En un campo de refugiados de Bangladesh, un grupo de niños rohinyá canta canciones en inglés en un centro de UNICEF, financiado por UK Aid. Crédito de la foto: Anna Dubuis/DFID a través de Flickr (CC BY 2.0).

Este artículo forma parte de la serie Spotlight de julio de 2026 de Global Voices, «Apatridia«. Esta serie ofrece visión detallada del problema de la apatridia y cómo limita la libertad de movimiento, oportunidades educativas, acceso político, y más. Puedes apoyar este reportaje con una donación.

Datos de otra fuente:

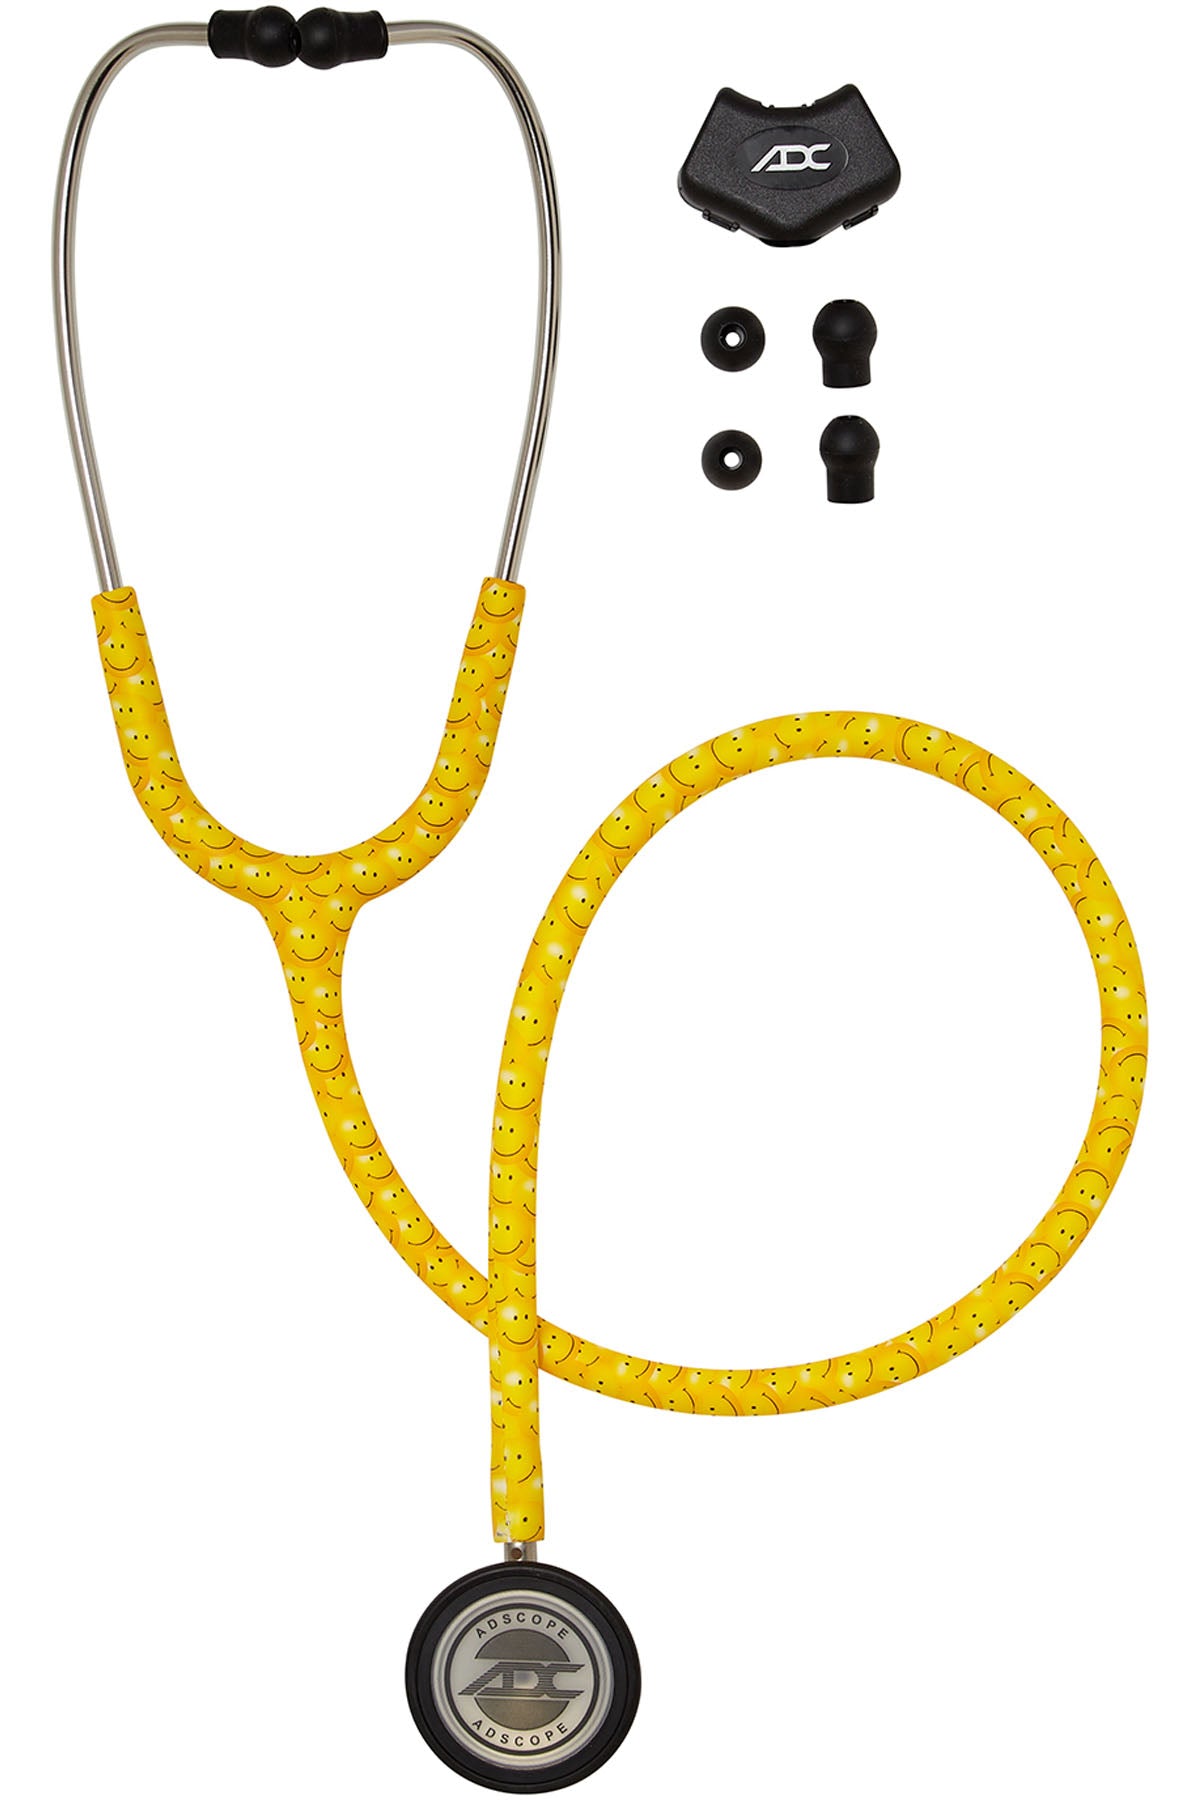 Adscope 603 Clinician Stethoscope - Special Print Stethoscope American Diagnostic Happiness  
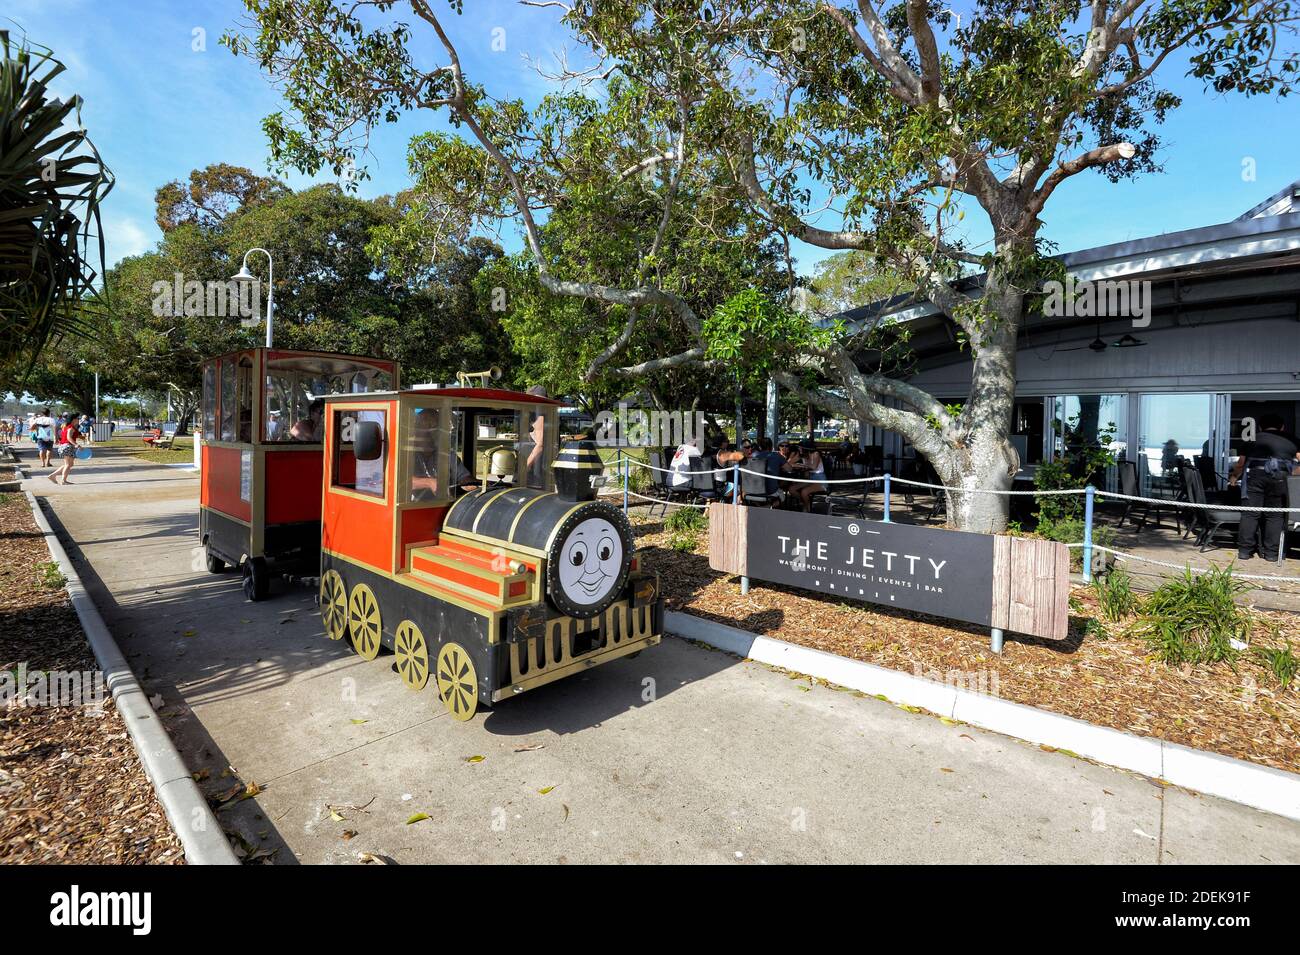 Children's Thomas the Tank Engine train ride in front of the Jetty Restaurant on the parade seafront, Bongaree, Bribie Island, Sunshine Coast, Queensl Stock Photo

A pesar de que viven desde hace generaciones en el estado de Rakáin, en Myanmar, los rohinyás siguen siendo la mayor población apátrida del mundo porque se les ha negado sistemáticamente la ciudadanía. Nueve años después de que 750,000 rohinyás huyeran de la violencia en el estado de Rakáin para buscar refugio en Bangladesh, casi un millón de refugiados siguen atrapados en 33 campamentos sobrepoblados en Cox's Bazar. Esa situación de limbo jurídico les ha privado de derechos básicos como educación, asistencia de salud o protección en virtud de la legislación nacional, lo que los deja totalmente dependientes de cualquier ayuda que llegue.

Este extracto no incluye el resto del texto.